You didn't drop it, man. You carried it well. All the way to an Oscar, I hope.

c. Still haven't seen True Grit. Plan to get to that this week, time permitting. Finishing a project for the magazine, then comes movie time.

d. Noticed on my Peanut Toffee Buzz Clif Bar that it contains green tea and roasted soybeans. Now I feel much better about what I ate all weekend, with that as my nutritional balance.

e. Good to get the old gang back together in Chicago: Mike Silver, Jeffri Chadiha, me. Where's Josh Elliott?

f. And a tip of the journalist's hat to Jim Corbett of USA Today for his piece on Aaron Rodgers Thursday, and for pointing out something I never knew -- that, since sixth grade, Rodgers has visualized all the throws he's going to make in a game as part of his mental preparation for it. Then, his theory goes, he's not surprised when the play happens in a game, because he feels like he's already seen the play once or more.

g. Coffeenerdness: That Starbucks trenta, the 31-ounce cold-drink size, looks like the Big Gulp. Seems a bit serious. I mean, an iced green tea or whatever is in there is going to keep you up for two days.

h. Beernerdness: I'm living in Boston now, and this has been the kind of snowy-slushy winter (with, ugggghhhh, two months to go in it) that makes you say, "Why exactly are we not living in Tucson right now?'' But it's given me an excuse to get to know Harpoon beer better. And the allspice/hint-of-clove Winter Warmer dark beer can't be beat. Might be hard for you to find, but if you can, it's worth a swig. Slowly.

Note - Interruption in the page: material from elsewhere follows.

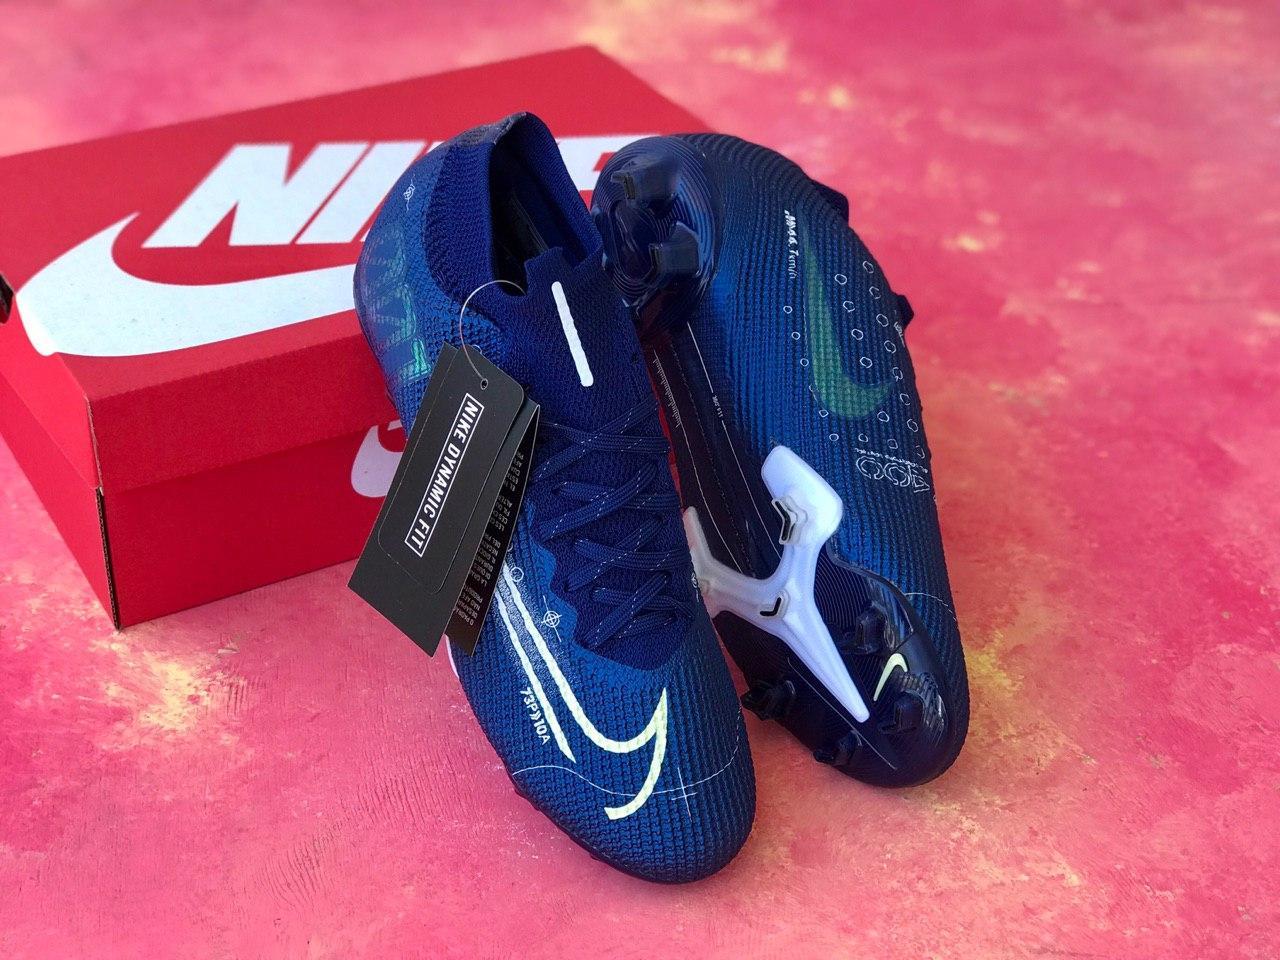 Бутсы Nike Mercurial Vapor XIII Pro FG/найк меркуриал вапор/ копы
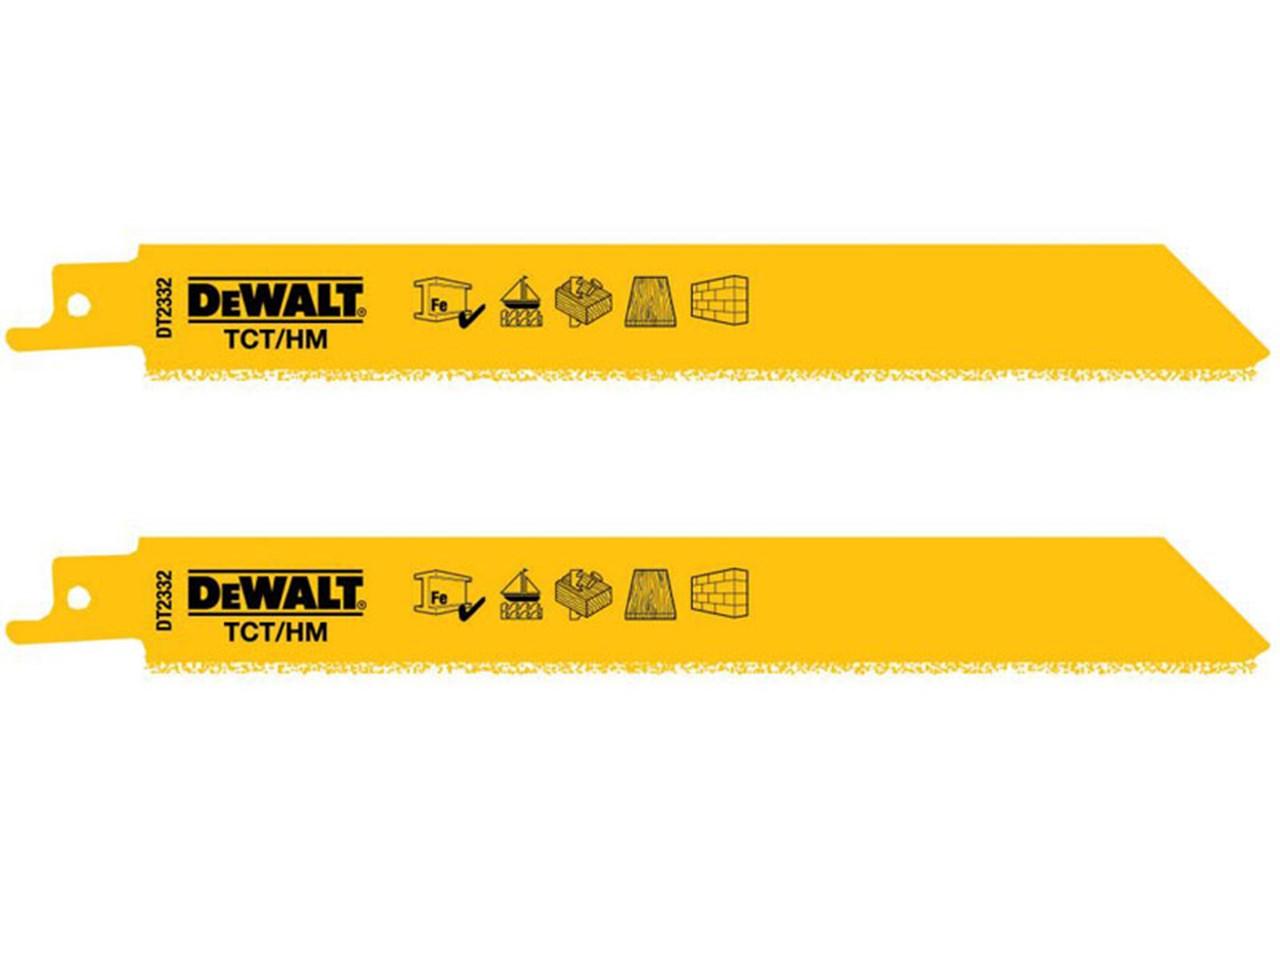 Dewalt dt2332 qz pack of 2 152mm tct grit recip saw blades keyboard keysfo Gallery

i. You go, Kim Clijsters. That's a great TV moment, Clijsters calling the Australian Open court reporter on his text message that Clijsters "looks pregnant.'' Might be one of the great sideline-reporter moments in TV history.

j. Friend of mine is working to aid a charity, Asia's Hope, attempting to save orphans from exploitation in Cambodia, and is raffling off chances to win a donated 2010 Camaro SS to help the cause at http://www.charityraffle.org/, if you can help. Thanks.

k. Two terrific nuggets from FOX's Ken Rosenthal on baseball, in the wake of the Vernon Wells trade from Toronto to the Angels: "The Angels will pay a combined $52.4 million to three center fielders next season -- Wells, Torii Hunter and Gary Matthews Jr., who no longer is with the club. And, if the team commits to Peter Bourjos in center, it is possible that none of them will be in center field!''

I don't even know who that Bourjos is, but it would have been an amazing note without it.

Number two: The Rays have 10 of the top 79 picks in what's supposed to be a deep draft next June. Tampa's going to be good for a very long time, and I don't care who the Rays have just lost.

l. Manny and Johnny Damon with the Rays? Interesting, but probably not very important.

m. Is it a rule at ESPN that Ed Werder must work in subfreezing weather?

n. RIP, Jack LaLanne. Thought you would live forever. You lived a life of fitness we should all aspire to.

o. At the risk of inviting you to see a self-immolation, I'll be interviewed by Mary Carillo on HBO's Real Sports show Tuesday night at 10 Eastern. But the real treat in the piece, if it makes the cut, will be Bailey the golden retriever chasing a tennis ball on a frozen field near our Boston home. That is one good dog.